Stenanthemum argenteum

Scientific classification
- Kingdom: Plantae
- Clade: Tracheophytes
- Clade: Angiosperms
- Clade: Eudicots
- Clade: Rosids
- Order: Rosales
- Family: Rhamnaceae
- Genus: Stenanthemum
- Species: S. argenteum
- Binomial name: Stenanthemum argenteum A.R.Bean

= Stenanthemum argenteum =

- Genus: Stenanthemum
- Species: argenteum
- Authority: A.R.Bean

Species of flowering plant

Stenanthemum argenteum is a species of flowering plant in the family Rhamnaceae and is endemic to a restricted part of Queensland. It is a shrub with hairy branches, lance-shaped to egg-shaped leaves with the narrower end towards the base, and heads of about seven hairy white, tube-shaped flowers.

==Description==
Stenanthemum argenteum is a shrub that typically grows to a height of 50–75 cm and has its branches covered with silvery hairs. Its leaves are lance-shaped to egg-shaped with the narrower end towards the base, 6–16 mm long and 2.0–4.9 mm wide on a petiole 2–3 mm long, with narrowly triangular stipules 2.0–3.1 mm long at the base.

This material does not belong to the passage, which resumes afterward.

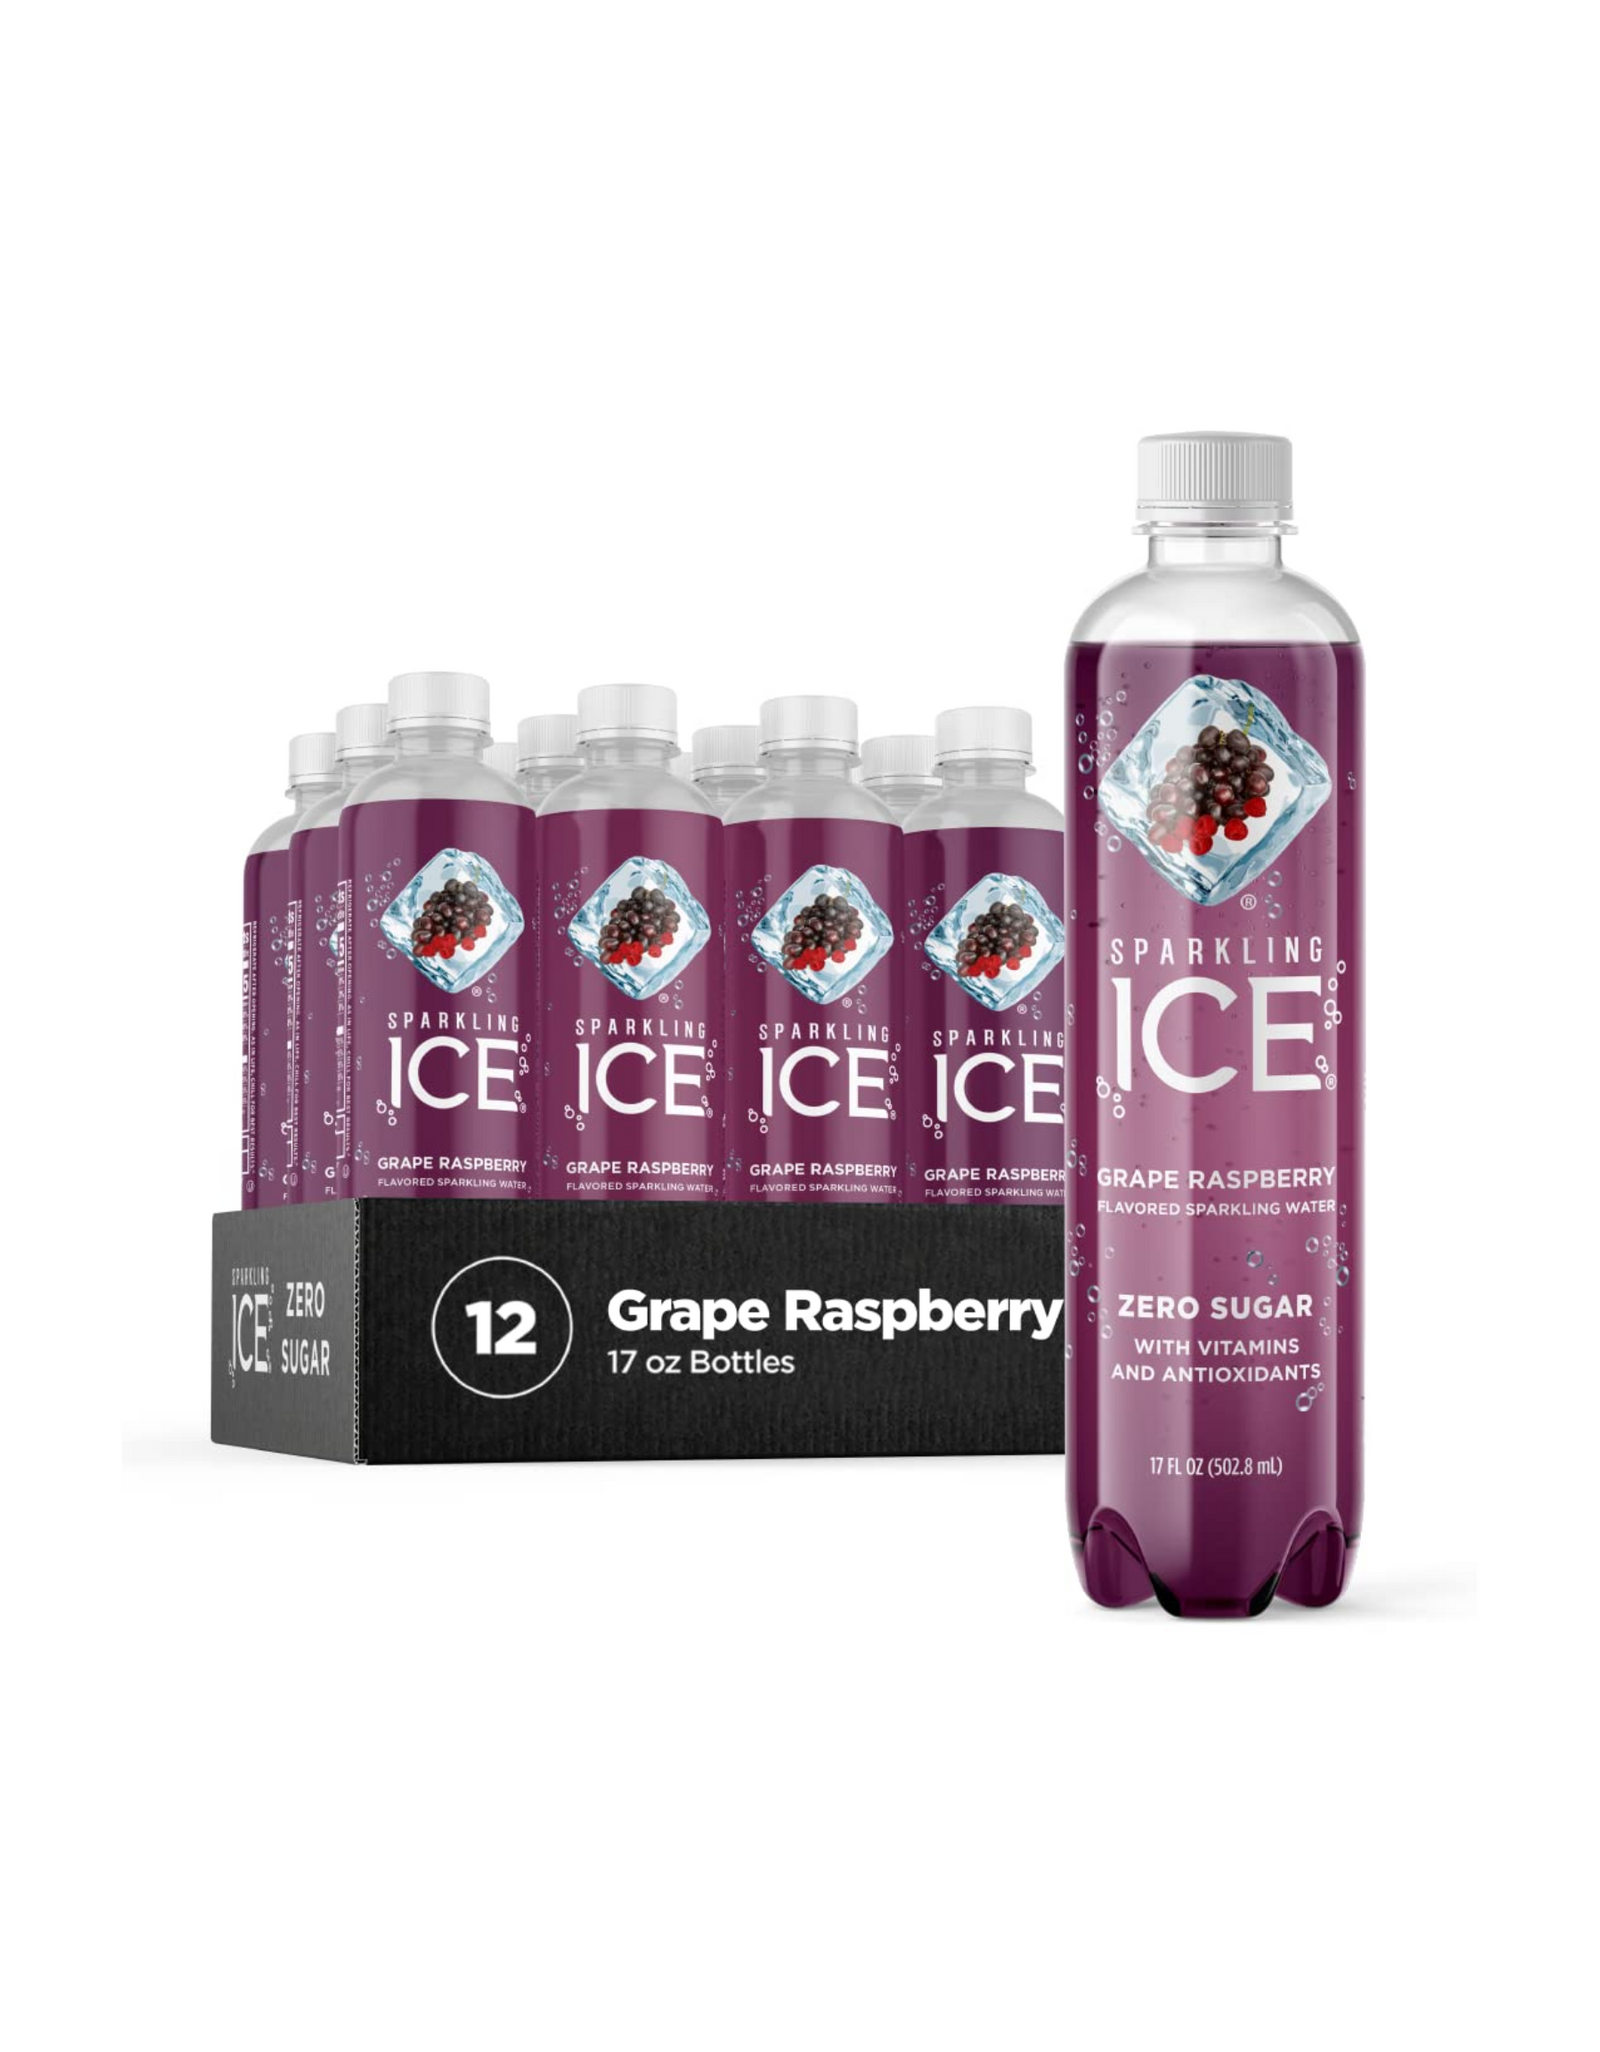 Sparkling Ice, Grape Raspberry Sparkling Water, with Vitamins and Antioxidants, 17 fl oz (Pack of 12)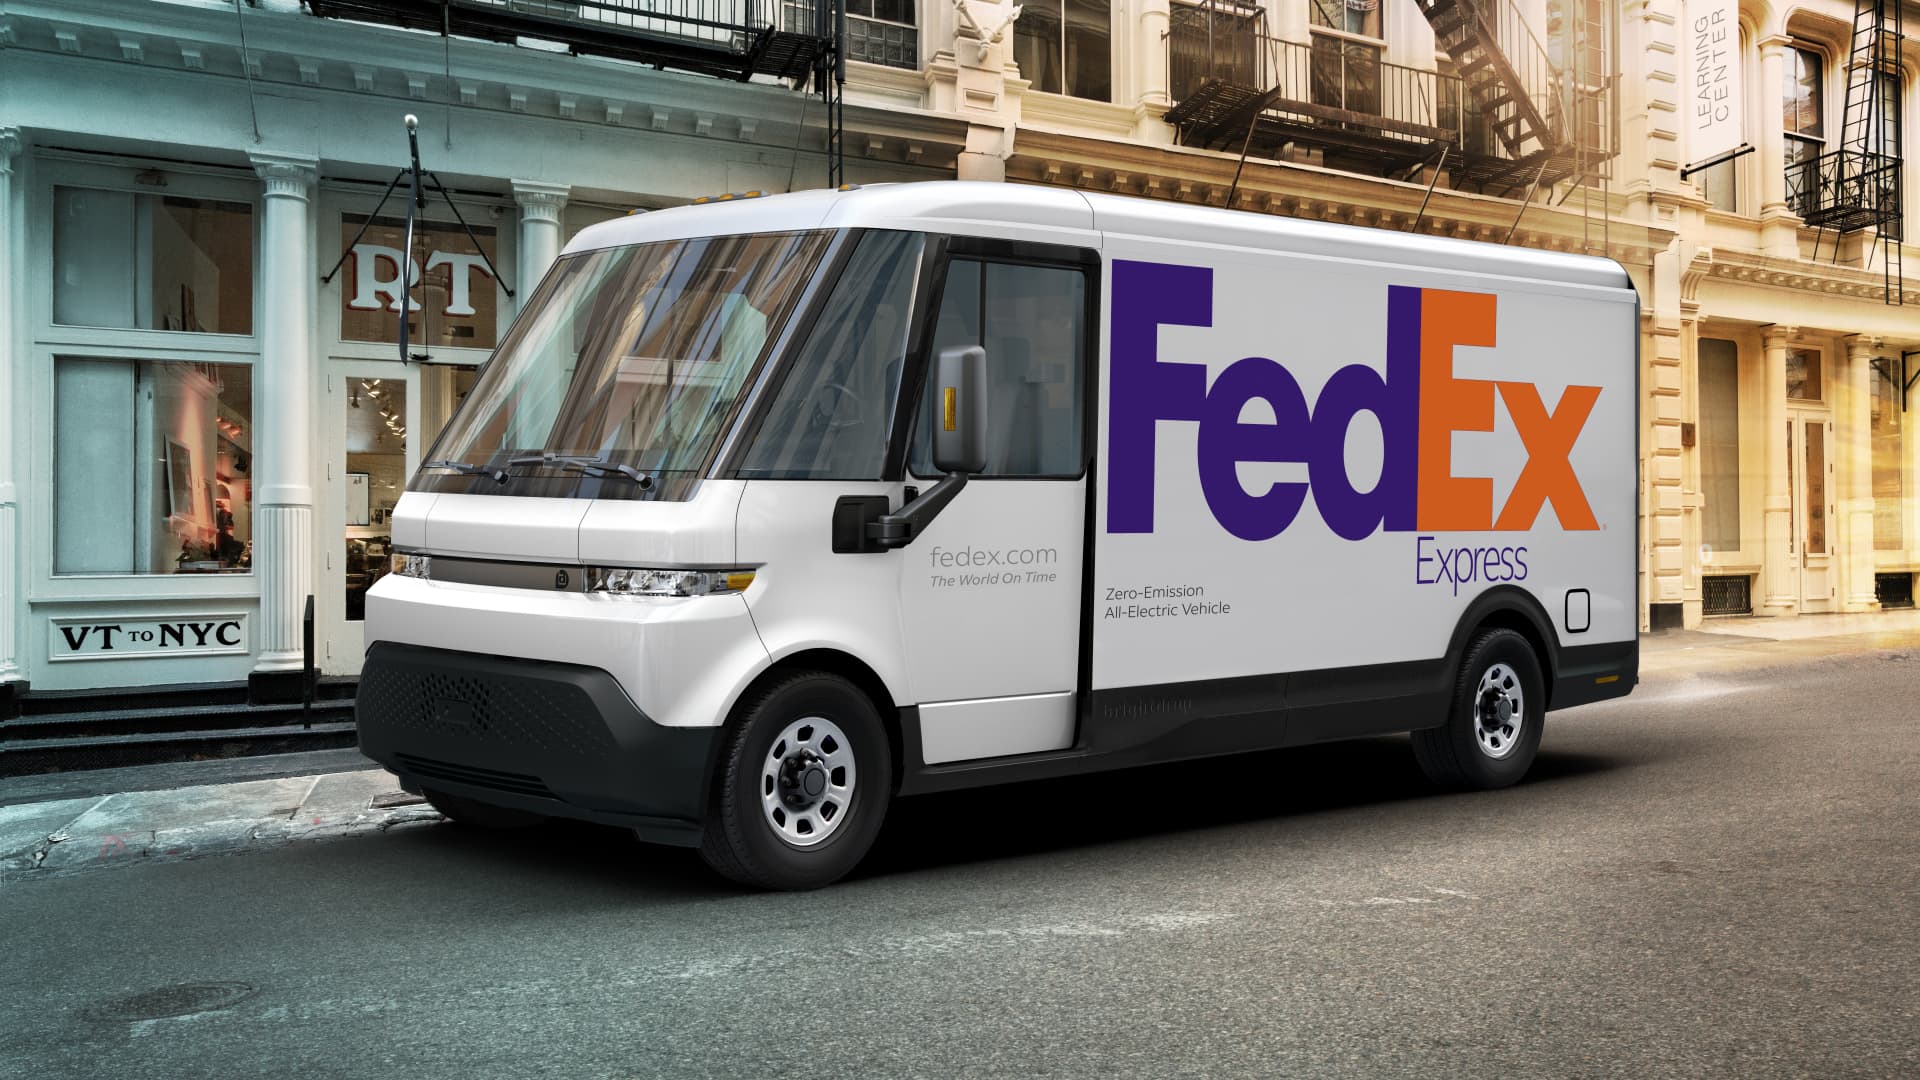 General Motors plans to launch a new all-electric van called the EV600 by the end of this year. The first 500 vehicles will be sold to FedEx.

The upper surface of the leaves is glabrous and the lower surface is densely covered with silvery hairs pressed against the surface. The flowers are borne in groups of 5 to 10 about 5 mm wide, surrounded by 3 floral bracts and one or two densely hairy floral leaves. The floral tube is 2.0–2.5 mm long, the sepals white to creamy-white and joined to form a hairy, cylindrical to urn-shaped tube 2.5–3.0 mm long mostly obscured by bracts. The petals are white, form a hood over the stamens and protrude 1.1–1.4 mm beyond the sepal tube. Flowering has been observed in May and September.

==Taxonomy and naming==
Stenanthemum argenteum was first formally described in 2004 by Anthony Bean in the journal Austrobaileya from specimens collected on Mount Mulligan in 1985. The specific epithet (argenteum) means "silvery", referring to the hairs on the branchlets and leaves.

==Distribution and habitat==
This species grows steep sandstone hills and cliffs in woodland and is only known from Mount Mulligan and Mount Janet in north Queensland.

==Conservation status==
Stenanthemum argenteum is listed as "vulnerable" under the Queensland Government Nature Conservation Act 1992.